Problem description: Transcribe exactly the span of lines that begins the records and ends with the line holding "Reed Stark - SAFARI", both boundary lines included.

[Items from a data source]
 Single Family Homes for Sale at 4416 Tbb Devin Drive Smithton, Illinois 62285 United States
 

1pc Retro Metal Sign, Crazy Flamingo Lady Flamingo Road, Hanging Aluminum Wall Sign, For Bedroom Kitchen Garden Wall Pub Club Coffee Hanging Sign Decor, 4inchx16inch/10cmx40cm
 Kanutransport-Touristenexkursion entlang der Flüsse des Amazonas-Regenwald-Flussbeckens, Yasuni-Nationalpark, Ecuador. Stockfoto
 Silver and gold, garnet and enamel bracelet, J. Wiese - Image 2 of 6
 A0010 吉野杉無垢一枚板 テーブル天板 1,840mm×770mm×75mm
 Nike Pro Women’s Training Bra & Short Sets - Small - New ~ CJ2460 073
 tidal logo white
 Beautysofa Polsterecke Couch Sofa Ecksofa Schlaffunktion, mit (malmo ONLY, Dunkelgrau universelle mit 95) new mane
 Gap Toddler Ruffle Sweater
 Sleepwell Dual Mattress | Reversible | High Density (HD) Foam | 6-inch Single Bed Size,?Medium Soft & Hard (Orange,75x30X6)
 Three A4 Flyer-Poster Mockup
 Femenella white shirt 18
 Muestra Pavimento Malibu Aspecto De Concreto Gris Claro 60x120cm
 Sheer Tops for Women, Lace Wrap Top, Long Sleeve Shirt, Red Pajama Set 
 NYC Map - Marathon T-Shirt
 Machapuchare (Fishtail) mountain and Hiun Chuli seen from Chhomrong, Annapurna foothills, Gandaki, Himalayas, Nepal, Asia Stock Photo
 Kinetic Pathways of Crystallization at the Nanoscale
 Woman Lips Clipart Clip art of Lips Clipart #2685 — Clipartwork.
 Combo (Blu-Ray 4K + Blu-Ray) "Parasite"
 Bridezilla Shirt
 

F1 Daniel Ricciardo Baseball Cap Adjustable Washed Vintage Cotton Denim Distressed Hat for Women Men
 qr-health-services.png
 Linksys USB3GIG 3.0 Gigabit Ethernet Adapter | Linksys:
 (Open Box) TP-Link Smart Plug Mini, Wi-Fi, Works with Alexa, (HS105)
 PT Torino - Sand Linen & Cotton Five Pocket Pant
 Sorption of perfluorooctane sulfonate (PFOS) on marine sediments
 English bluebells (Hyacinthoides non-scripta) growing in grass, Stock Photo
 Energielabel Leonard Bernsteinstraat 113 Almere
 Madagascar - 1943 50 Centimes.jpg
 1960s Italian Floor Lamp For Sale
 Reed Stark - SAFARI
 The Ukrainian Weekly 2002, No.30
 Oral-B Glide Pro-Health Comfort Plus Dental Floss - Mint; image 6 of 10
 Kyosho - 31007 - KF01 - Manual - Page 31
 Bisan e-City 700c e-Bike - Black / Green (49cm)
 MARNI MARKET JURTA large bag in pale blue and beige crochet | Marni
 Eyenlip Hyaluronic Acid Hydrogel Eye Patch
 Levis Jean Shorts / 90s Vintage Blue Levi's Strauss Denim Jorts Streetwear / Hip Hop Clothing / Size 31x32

Answer to the exercise:
 Single Family Homes for Sale at 4416 Tbb Devin Drive Smithton, Illinois 62285 United States
 

1pc Retro Metal Sign, Crazy Flamingo Lady Flamingo Road, Hanging Aluminum Wall Sign, For Bedroom Kitchen Garden Wall Pub Club Coffee Hanging Sign Decor, 4inchx16inch/10cmx40cm
 Kanutransport-Touristenexkursion entlang der Flüsse des Amazonas-Regenwald-Flussbeckens, Yasuni-Nationalpark, Ecuador. Stockfoto
 Silver and gold, garnet and enamel bracelet, J. Wiese - Image 2 of 6
 A0010 吉野杉無垢一枚板 テーブル天板 1,840mm×770mm×75mm
 Nike Pro Women’s Training Bra & Short Sets - Small - New ~ CJ2460 073
 tidal logo white
 Beautysofa Polsterecke Couch Sofa Ecksofa Schlaffunktion, mit (malmo ONLY, Dunkelgrau universelle mit 95) new mane
 Gap Toddler Ruffle Sweater
 Sleepwell Dual Mattress | Reversible | High Density (HD) Foam | 6-inch Single Bed Size,?Medium Soft & Hard (Orange,75x30X6)
 Three A4 Flyer-Poster Mockup
 Femenella white shirt 18
 Muestra Pavimento Malibu Aspecto De Concreto Gris Claro 60x120cm
 Sheer Tops for Women, Lace Wrap Top, Long Sleeve Shirt, Red Pajama Set 
 NYC Map - Marathon T-Shirt
 Machapuchare (Fishtail) mountain and Hiun Chuli seen from Chhomrong, Annapurna foothills, Gandaki, Himalayas, Nepal, Asia Stock Photo
 Kinetic Pathways of Crystallization at the Nanoscale
 Woman Lips Clipart Clip art of Lips Clipart #2685 — Clipartwork.
 Combo (Blu-Ray 4K + Blu-Ray) "Parasite"
 Bridezilla Shirt
 

F1 Daniel Ricciardo Baseball Cap Adjustable Washed Vintage Cotton Denim Distressed Hat for Women Men
 qr-health-services.png
 Linksys USB3GIG 3.0 Gigabit Ethernet Adapter | Linksys:
 (Open Box) TP-Link Smart Plug Mini, Wi-Fi, Works with Alexa, (HS105)
 PT Torino - Sand Linen & Cotton Five Pocket Pant
 Sorption of perfluorooctane sulfonate (PFOS) on marine sediments
 English bluebells (Hyacinthoides non-scripta) growing in grass, Stock Photo
 Energielabel Leonard Bernsteinstraat 113 Almere
 Madagascar - 1943 50 Centimes.jpg
 1960s Italian Floor Lamp For Sale
 Reed Stark - SAFARI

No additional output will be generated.